What to do: In the entries below, begin at the line that has "1960s quilt print" and stop after the line that has "Color anaranjado de"; output those lines exactly, leaving out pictures.
--- Dataset entries ---
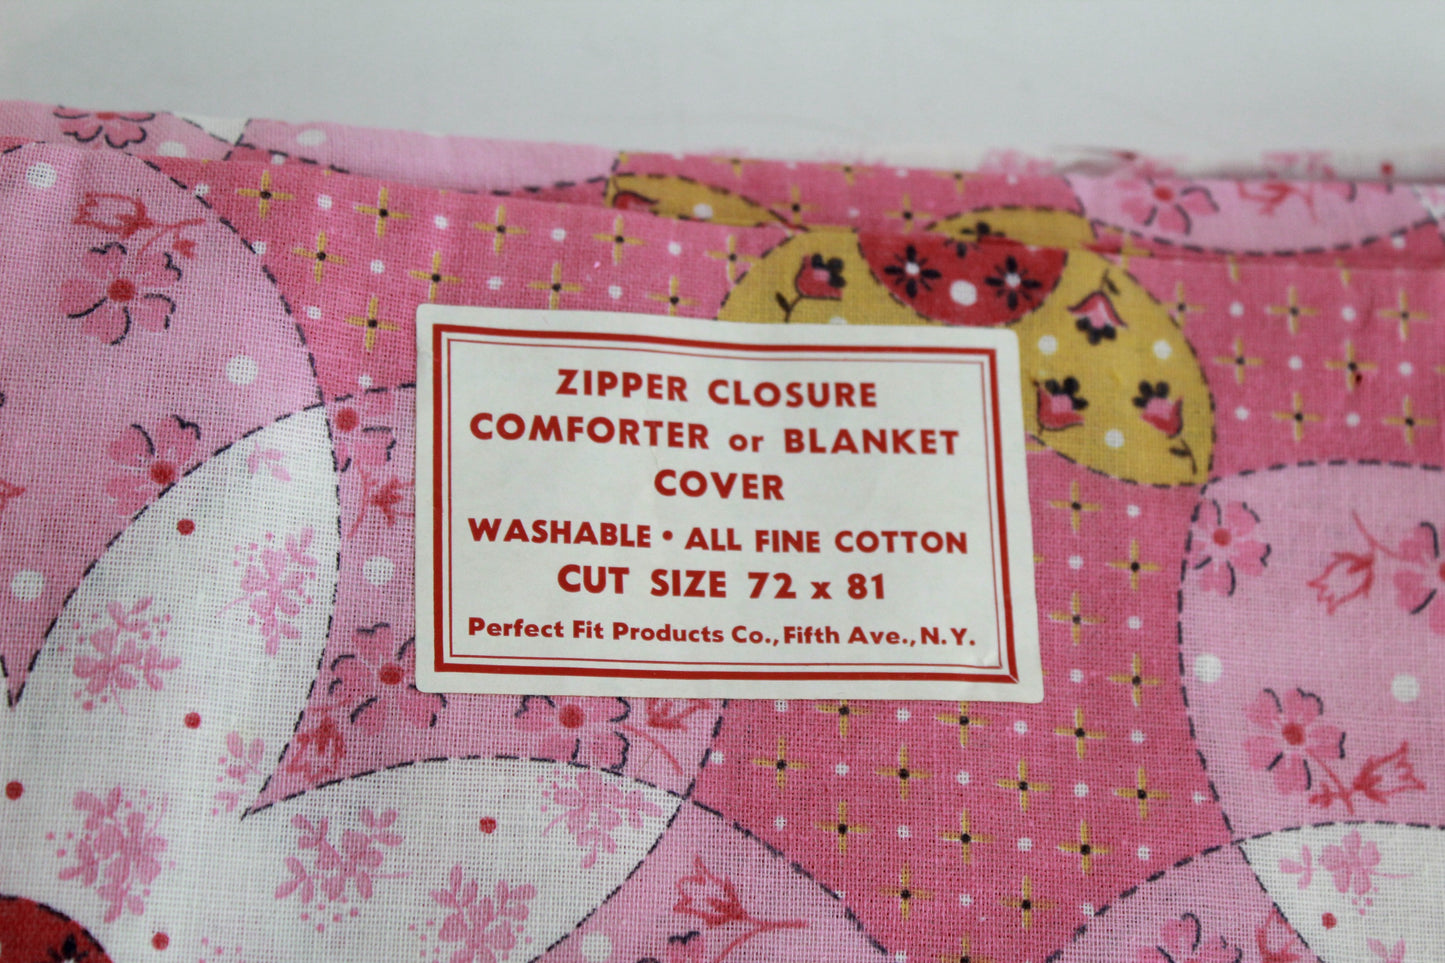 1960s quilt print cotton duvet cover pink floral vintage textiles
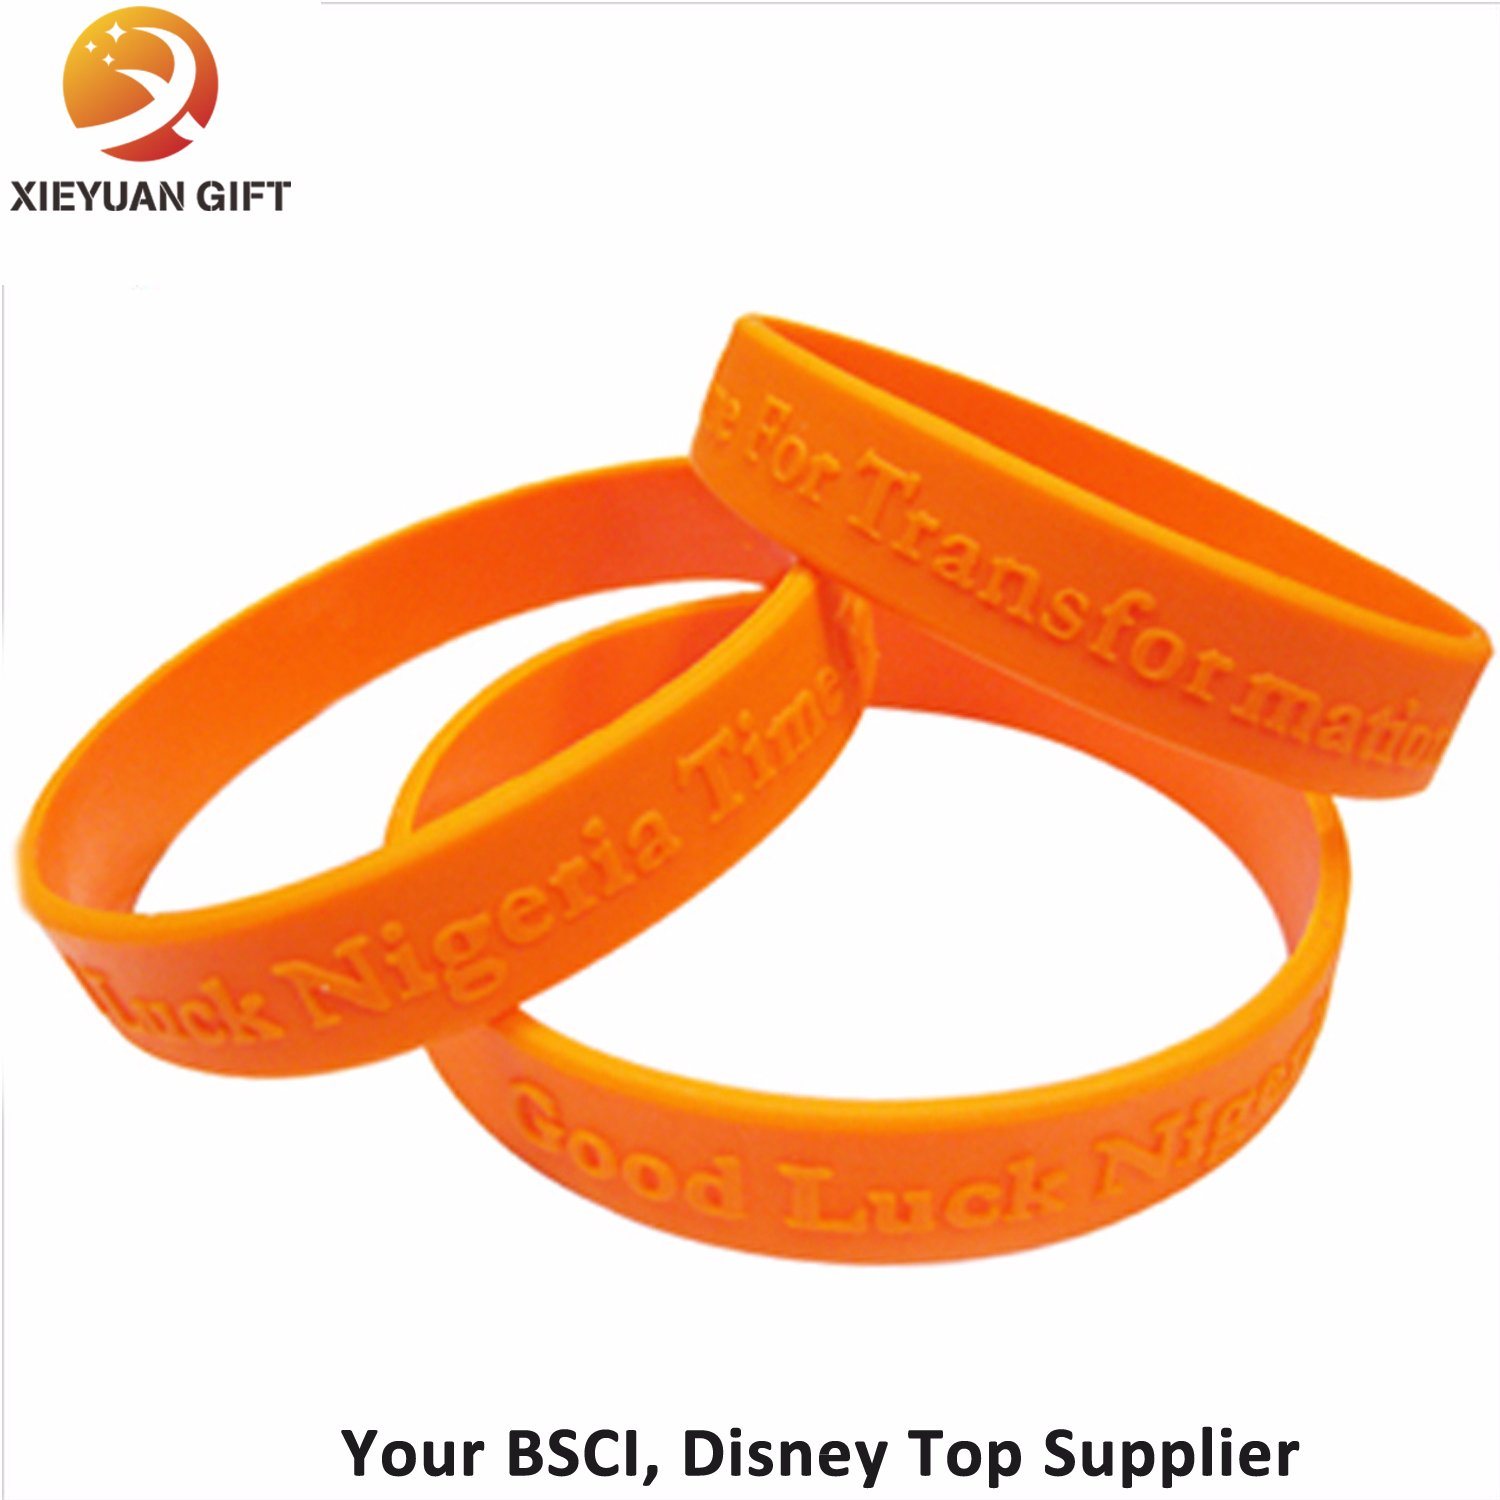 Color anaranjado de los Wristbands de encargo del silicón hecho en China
---
--- Dataset entries ---
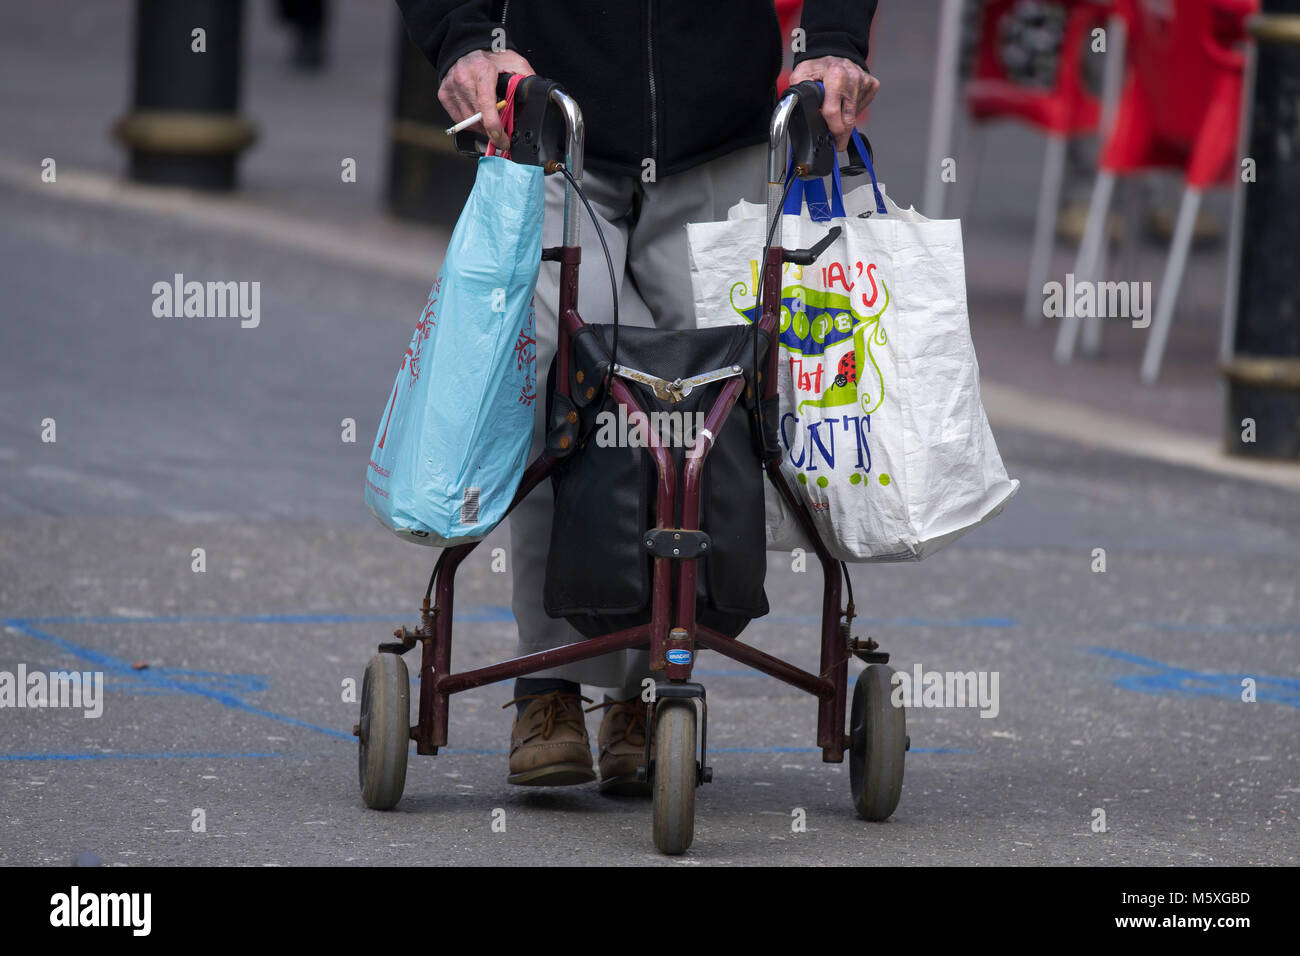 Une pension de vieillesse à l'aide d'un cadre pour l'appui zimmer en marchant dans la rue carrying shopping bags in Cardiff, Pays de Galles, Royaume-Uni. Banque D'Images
---
Finished task:
 1960s quilt print cotton duvet cover pink floral vintage textiles
 Color anaranjado de los Wristbands de encargo del silicón hecho en China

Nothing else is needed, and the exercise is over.